My need to hide my neediness
My sister took this picture of me when I was thirteen. Looking at it makes me wonder if I was already as wounded and messed up as I feel now that I am forty-five.
Beth shared a moment of sadness with me today. It was about not having children and it made me sad also. We have been together for so long and I still don’t feel like I know how to ease her pain. I don’t know what to do to protect her and that frightens me to my core.
I feel guilty for not doing much work in the office today. I work a lot of off-hours so it evens out in the end, but people expect me to work when I am at work and I haven’t done much work this week. I began the day by taking a couple of self-tests meant to show if I was experiencing depression. On both I ranked as “Severe Depressed.”

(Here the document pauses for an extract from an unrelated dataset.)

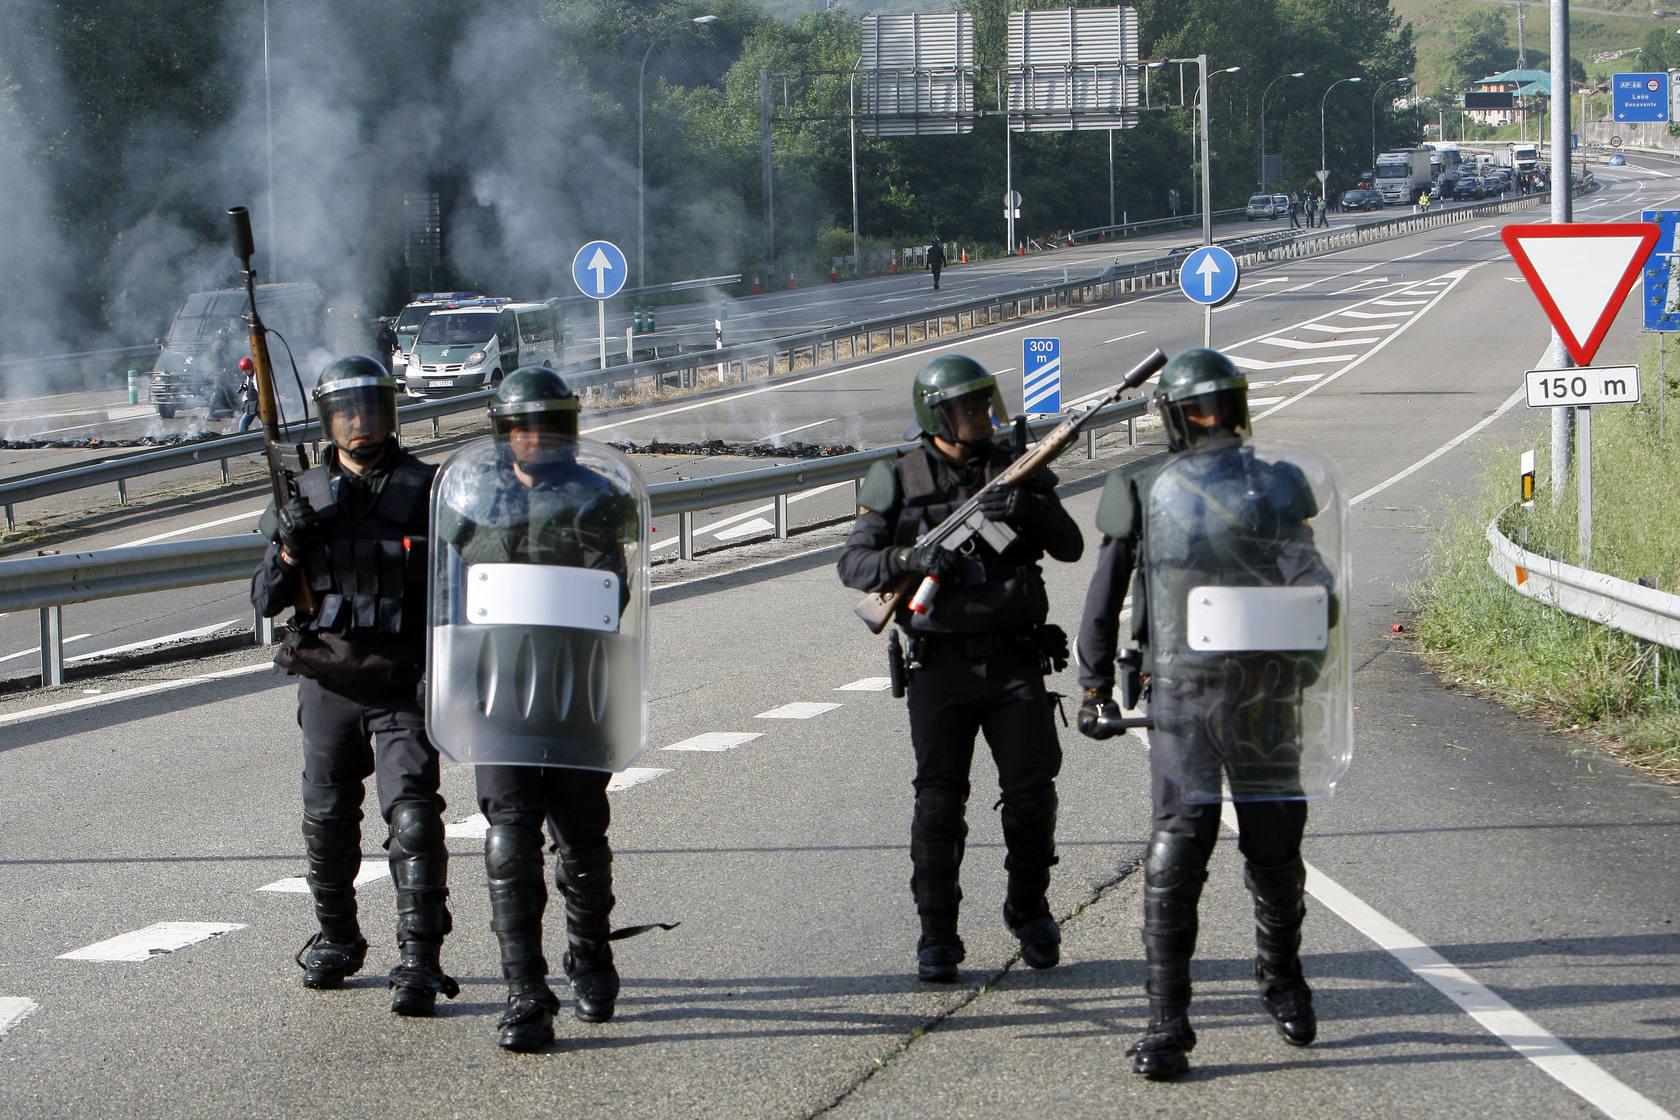 Los mineros se enfrentan a los antidisturbios en Campomanes

psycom.net and psychologytoday.com’s self-test results both found me to be severe depressed. I even tried lieing on some of the answers to be moderately depressed, but the test saw right thgouth me.
I don’t know what I am needy for
Why do I feel so scared to admit my neediness? Instead, I pretend that loneliness doesn’t hurt me, and that I can protect myself and lick my own wounds until they heal.
The truth is that most times I don’t know what I need nor what I am feeling. Right now though, I just want to curl up in bed with Fluffs and feel his purring on my chest. I miss him.